1. A cellular communication system having a frequency bandwidth arranged into a plurality of frequency channels, the cellular communication system comprising neighbouring first and second sites each having sectors containing at least one frequency channel, wherein corresponding sectors in each of the neighbouring first and second sites have consecutive frequency channels from the frequency bandwidth, thereby producing a two-site re-use pattern.

2. The cellular communication system according to claim 1, wherein neighbouring sectors within both the first and second sites observe a next but one frequency channel relationship with adjacent frequency channels in at least one neighbouring sector.

3. The cellular communication system according to claim 1 or 2, wherein the first and second sites are corner-illuminated sites.

4. The cellular communication system according to claim 1 or 2, wherein the first and second sites are side-illuminated sites.

5. The cellular communication system according to any preceding claim, wherein the first and second sites each contain six sectors.

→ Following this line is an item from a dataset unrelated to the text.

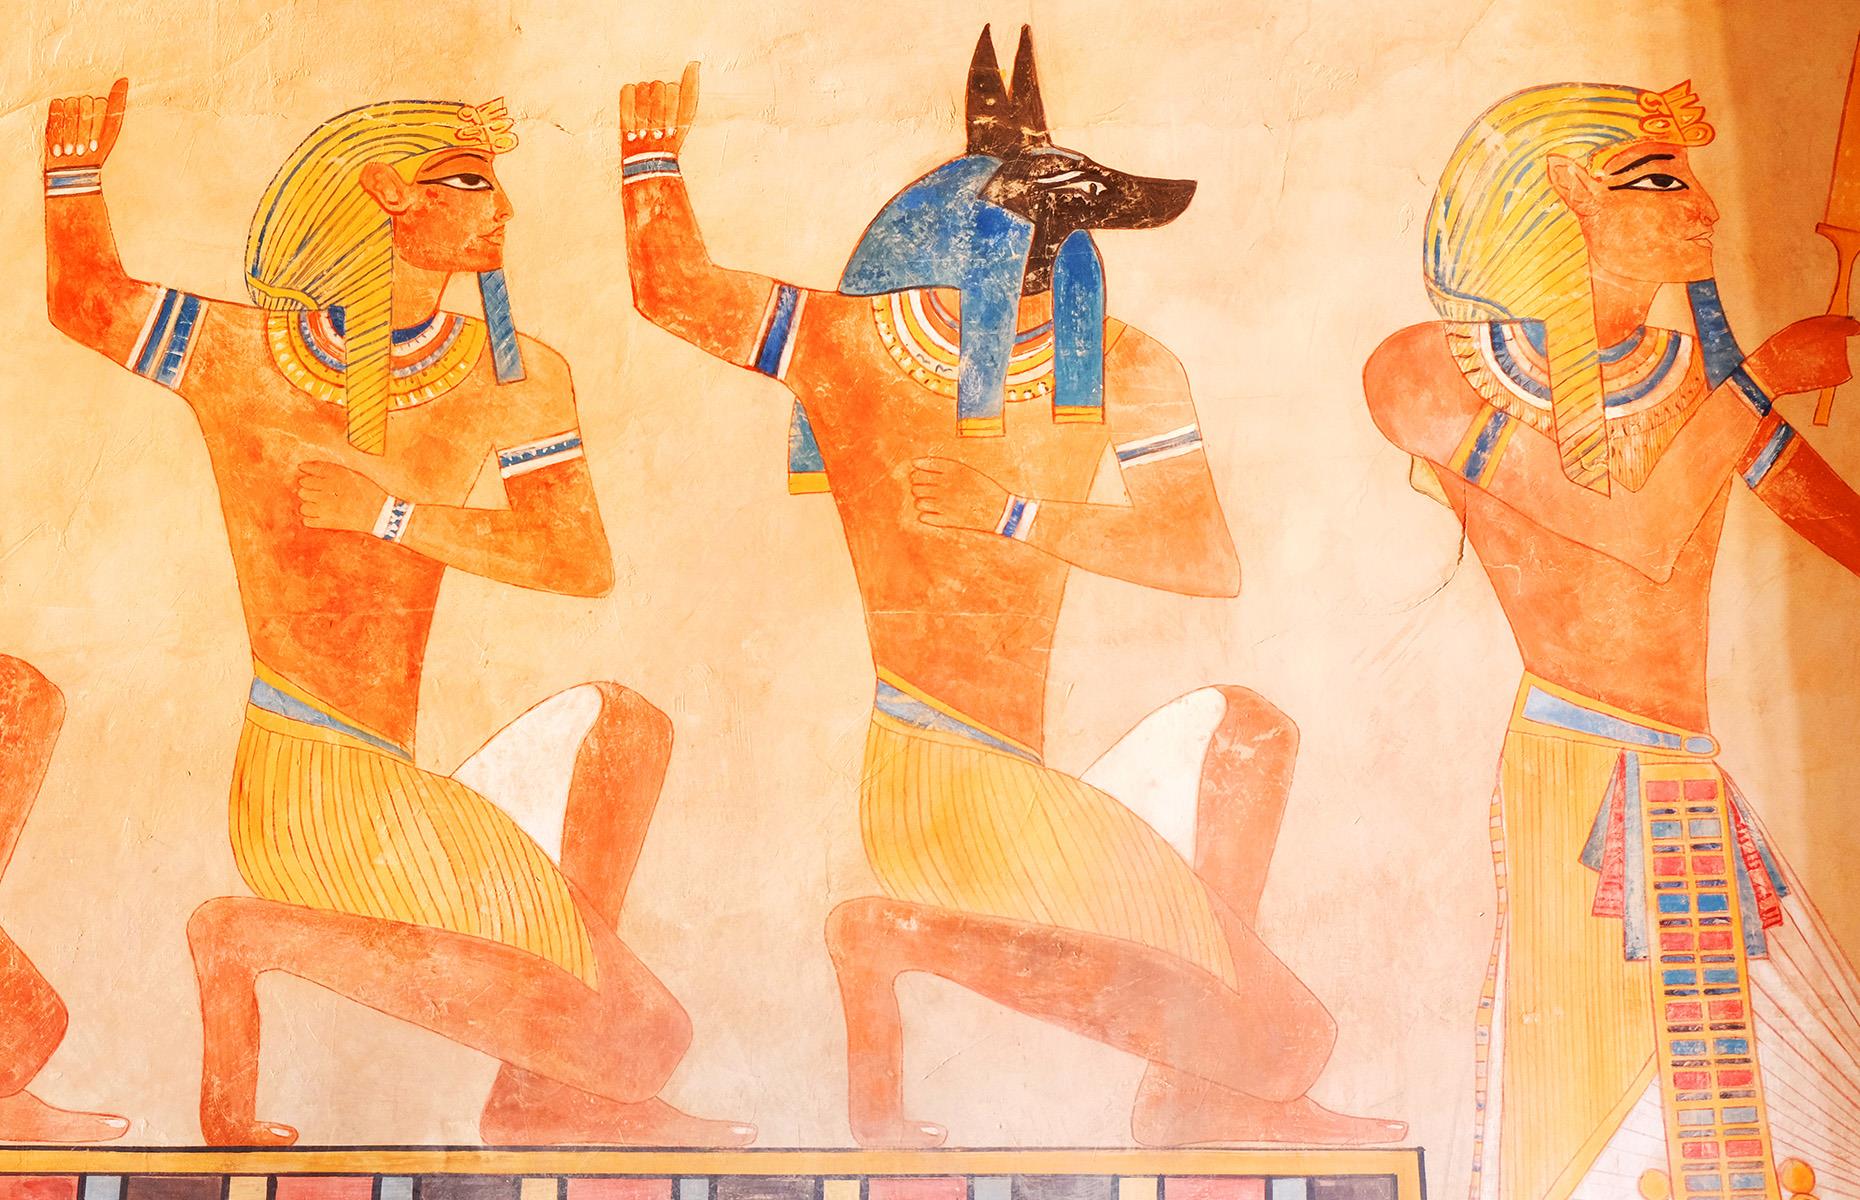 <p>When<em> Walk Like An Egyptian</em> by The Bangles was a huge hit back in 1986, the dancefloors were full of people with their arms extended, bent at right angles, one arm up, one down. Egyptians never walked that way, of course. The move was inspired by hieroglyphics from the time of the pharaohs. This pose was how the ancient Egyptians projected the three-dimensional human body onto a flat surface. Regardless, the song has inspired many travelers to seek out the wonders of Ancient Egypt, from the Great Pyramids of Giza to the temples of Karnak and beyond.</p>
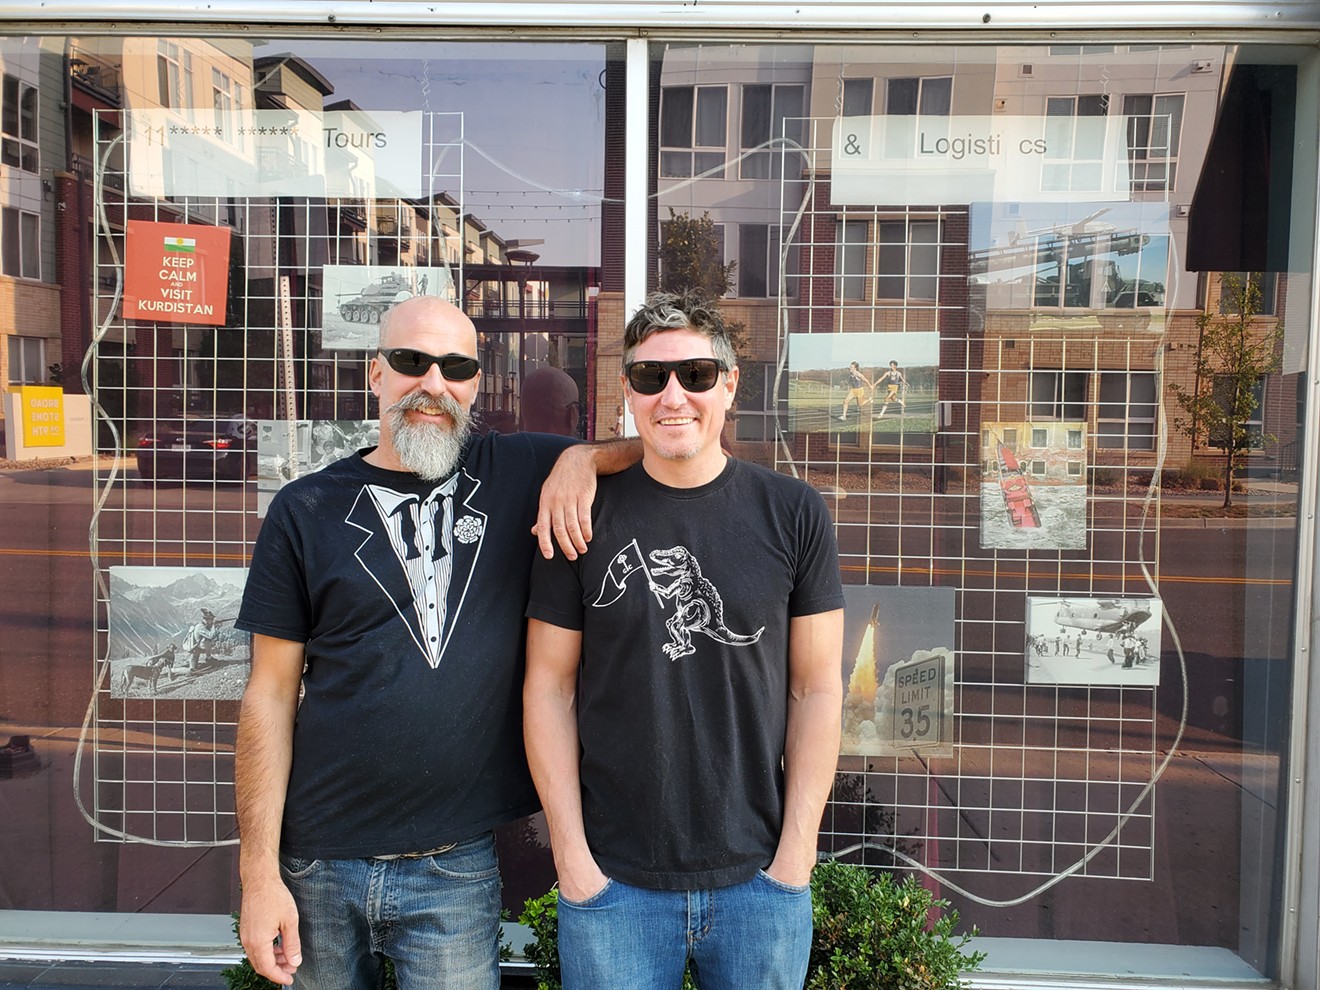 Gregg Lockwood and Joe Schindler are the owners of Gaijin Omakase.

6. A cellular communication system having a frequency bandwidth arranged into a plurality of frequency channels that are distributed on a consecutive frequency channel basis amongst a plurality of frequency groups, the cellular communication system comprising a cluster having neighbouring first and second six-sectored sites, each sector of each site containing a frequency group having at least one frequency channel and wherein:: i) the first six-sectored site comprises a first frequency channel and at least five other frequency channels each having an integer multiple next but one frequency channel relationship to the first frequency channel, wherein neighbouring sectors in the first six-sectored site each contain a frequency group having respective frequency channels that observe a next but one frequency channel relationship with frequency channels in at least one neighbouring frequency group;; ii) the second six-sectored site comprises a second frequency channel, consecutive in frequency to the first frequency channel, and at least five other frequency channels each having an integer multiple next but one frequency channel relationship to the second frequency channel, wherein neighbouring sectors in the second six-sectored site each contain a frequency group having respective frequency channels that observe a next but one frequency channel relationship with at least one neighbouring frequency group; and iii) consecutive frequency channels of the frequency bandwidth are assigned to corresponding sectors in each of the neighbouring first and second six-sectored sites to produce a two-site re-use pattern for the cluster in which consecutive frequency channels are alternated between the first and second six-sectored sites.

7. The cellular communication system according to claim 6, wherein at least one frequency group contains more than one carrier frequency obeying the integer multiple next but one frequency channel relationship.

8. The cellular communication system according to claim 7, wherein the plurality of frequency carriers are allocated to the frequency groups on a cyclic basis.

9. The cellular communication system according claim 6, 7 or 8, wherein the first and second six-sectored sites are corner-illuminated sites.

10. A cellular communication system having a two-site re-use pattern substantially as hereinbefore described with reference to FIGs. 4 and 5 of the accompanying drawings.

11. A method of deploying frequency channels of a cellular communication system to sectors of two neighbouring sites to produce a two-site repeat pattern, substantially as hereinbefore described with reference to FIGs. 4 and 5 of the accompanying drawings.